Cross-Region VPC
Peering and TGW.
Overview
Cross-region VPC connectivity is what makes multi-region architectures possible. VPC peering covers the simple case (two VPCs need direct connectivity); Transit Gateway covers the scalable case (many VPCs in a hub-and-spoke topology). Both support cross-region; both encrypt by default; both bill the most expensive bandwidth class on the cloud.
- VPC peering for pairs. Direct one-to-one peering. Right for small topologies; complexity grows quadratically with mesh size.
- Transit Gateway for many. Hub-and-spoke. Scales without the n-squared peering explosion.
- Inter-region peering plus encryption. Both peering and TGW support cross-region; traffic encrypted by default over the AWS backbone.
- Bandwidth costs. Cross-region traffic is the most expensive bandwidth class. Architecture decisions live with this number.
The approach
Three habits keep cross-region VPC connectivity scalable: VPC peering for pair-wise needs, Transit Gateway for the many-VPC case, and monitoring the bandwidth bill before architecture decisions become structural cost.
- VPC peering for pairs. Two VPCs that need direct connectivity. The simple case stays simple.

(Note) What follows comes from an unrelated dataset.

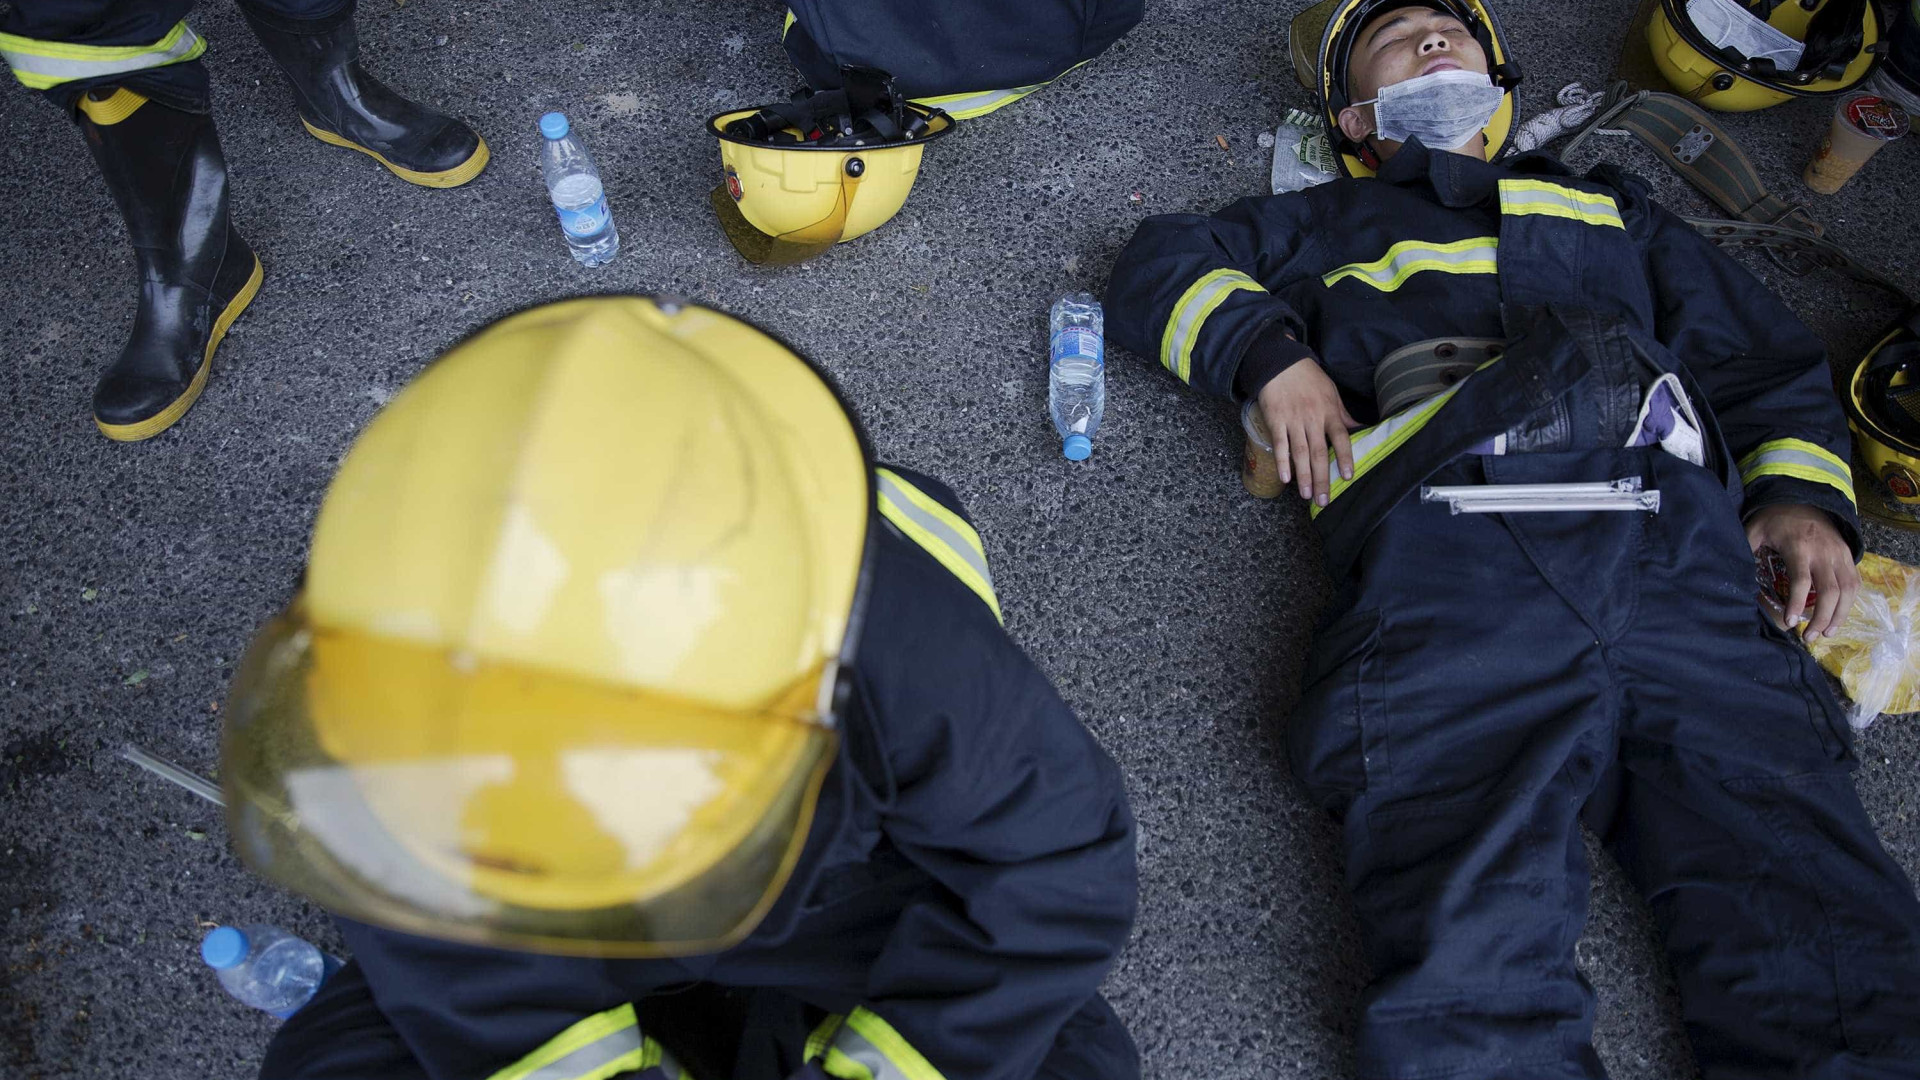 26 bombeiros morrem em combate a incêndio na China

- Transit Gateway for many. Multiple VPCs across multiple regions. Avoids the peering complexity explosion.
- Inter-region TGW peering. Connect TGWs across regions for global hub-and-spoke.
- Bandwidth monitoring plus documented topology. Cost surveillance catches expensive patterns; per-VPC the connectivity documented.
Why this compounds
Each correctly-architected cross-region connection supports DR and global product surfaces for years. The team’s multi-region networking fluency deepens; bandwidth costs stay predictable; new VPCs inherit the topology conventions.
- Resilience. Cross-region connectivity supports disaster recovery and active-active patterns.
- Global architecture. Workloads near users with shared services. User experience improves.
- Cost predictability. Monitored bandwidth surfaces expensive patterns before they become structural.
- Year-one investment, year-two habit. First cross-region connection is heavy lift. By the third, the topology pattern is settled.